INSTRUCTIONS TO FOLLOW:
Among the entries below, only the lines from the one with "Link Duball : ดูบอลออนไลน์" through the one with "Le Capitaine Yuri Mokievsky-Zubok." are wanted, reproduced exactly. Pictures are not wanted.

SUPPLIED DATA:
========

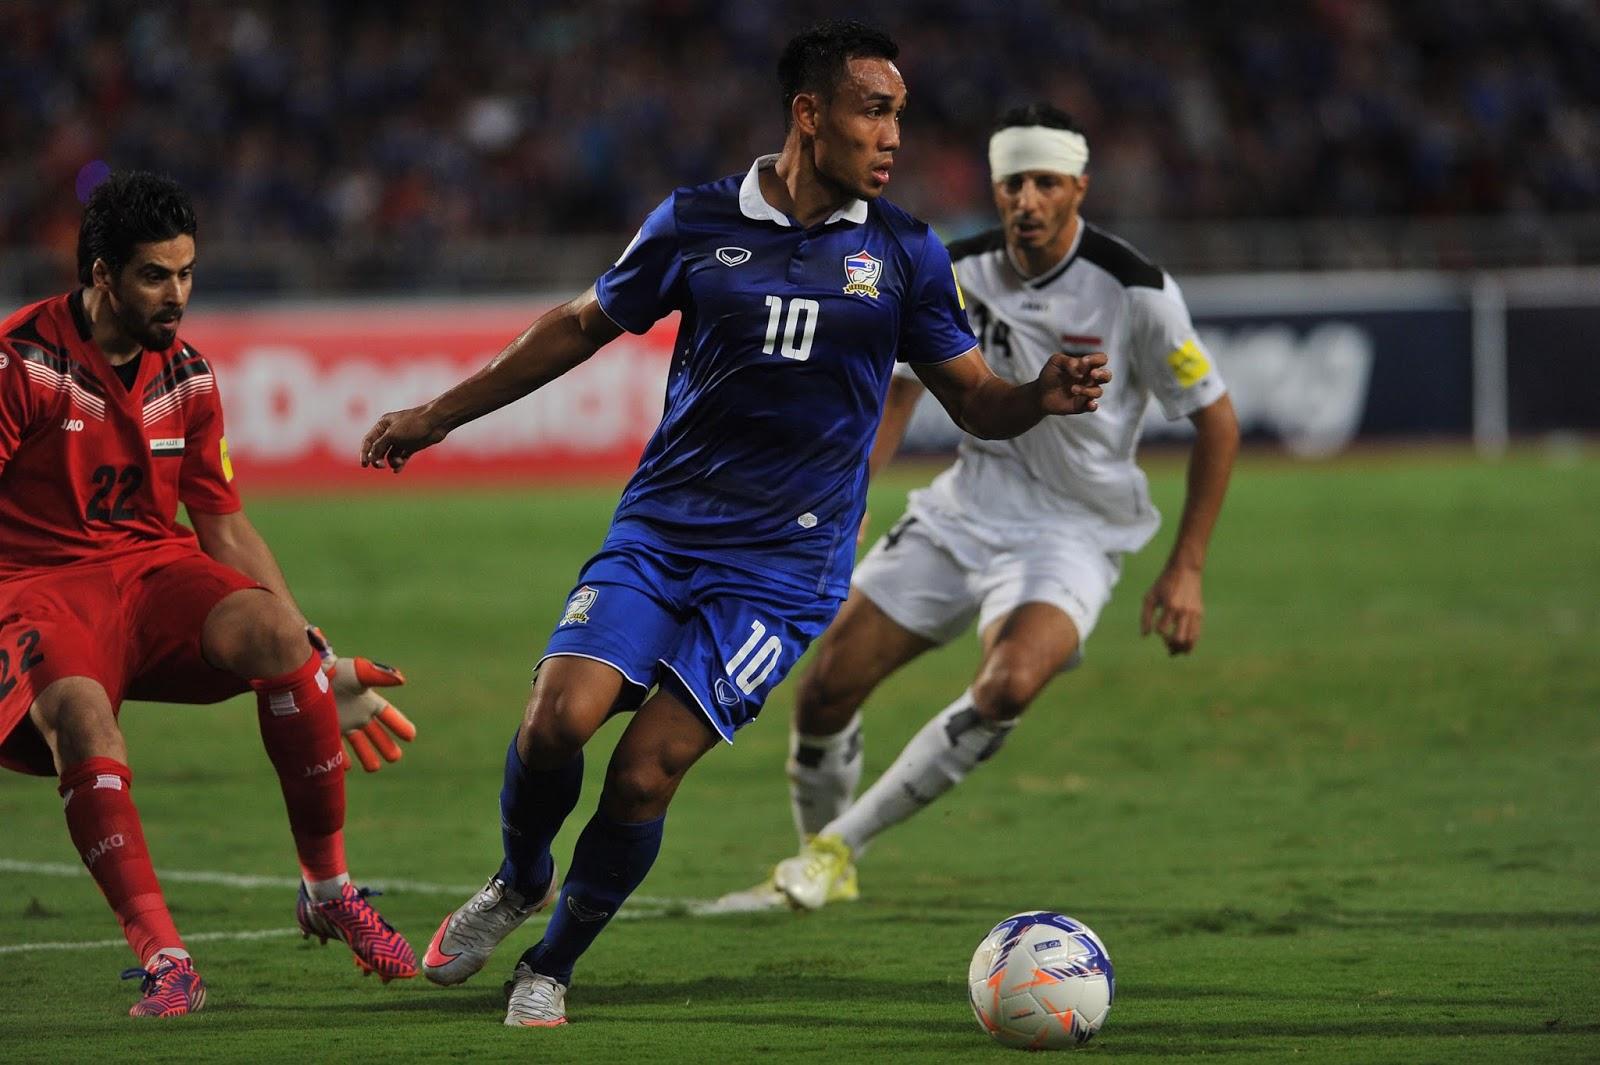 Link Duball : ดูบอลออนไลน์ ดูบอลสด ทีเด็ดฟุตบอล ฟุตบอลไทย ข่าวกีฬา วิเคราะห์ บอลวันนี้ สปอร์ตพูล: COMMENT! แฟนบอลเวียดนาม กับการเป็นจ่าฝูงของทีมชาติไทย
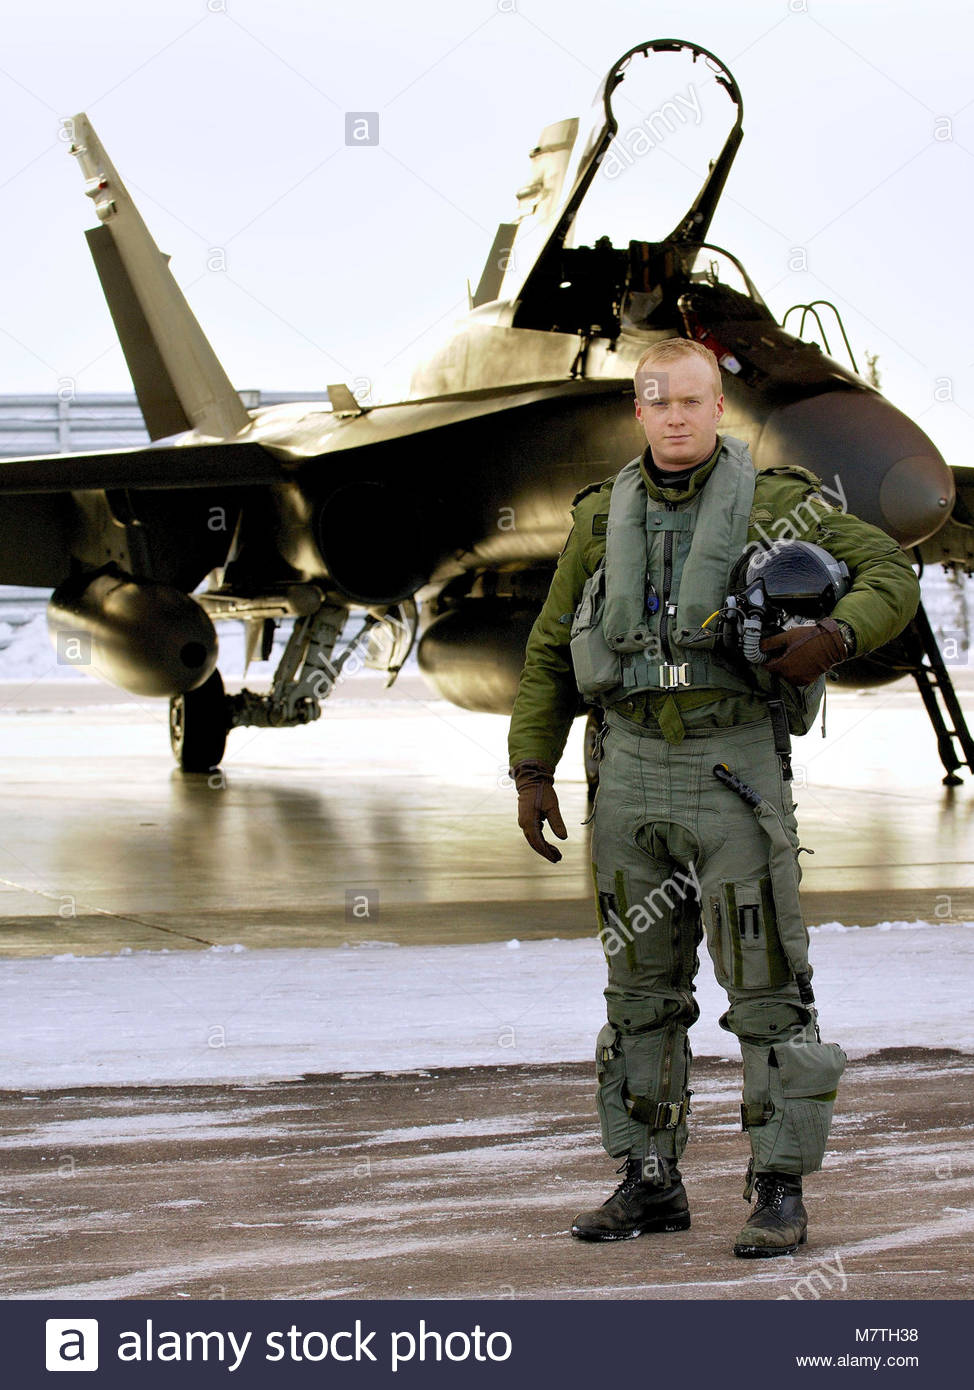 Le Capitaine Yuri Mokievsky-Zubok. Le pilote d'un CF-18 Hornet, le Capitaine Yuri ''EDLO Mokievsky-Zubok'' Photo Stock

========

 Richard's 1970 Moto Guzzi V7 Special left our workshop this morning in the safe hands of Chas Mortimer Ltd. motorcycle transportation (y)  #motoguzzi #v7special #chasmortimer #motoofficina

========

PROBLEM SOLUTION:
 Link Duball : ดูบอลออนไลน์ ดูบอลสด ทีเด็ดฟุตบอล ฟุตบอลไทย ข่าวกีฬา วิเคราะห์ บอลวันนี้ สปอร์ตพูล: COMMENT! แฟนบอลเวียดนาม กับการเป็นจ่าฝูงของทีมชาติไทย
 Le Capitaine Yuri Mokievsky-Zubok. Le pilote d'un CF-18 Hornet, le Capitaine Yuri ''EDLO Mokievsky-Zubok'' Photo Stock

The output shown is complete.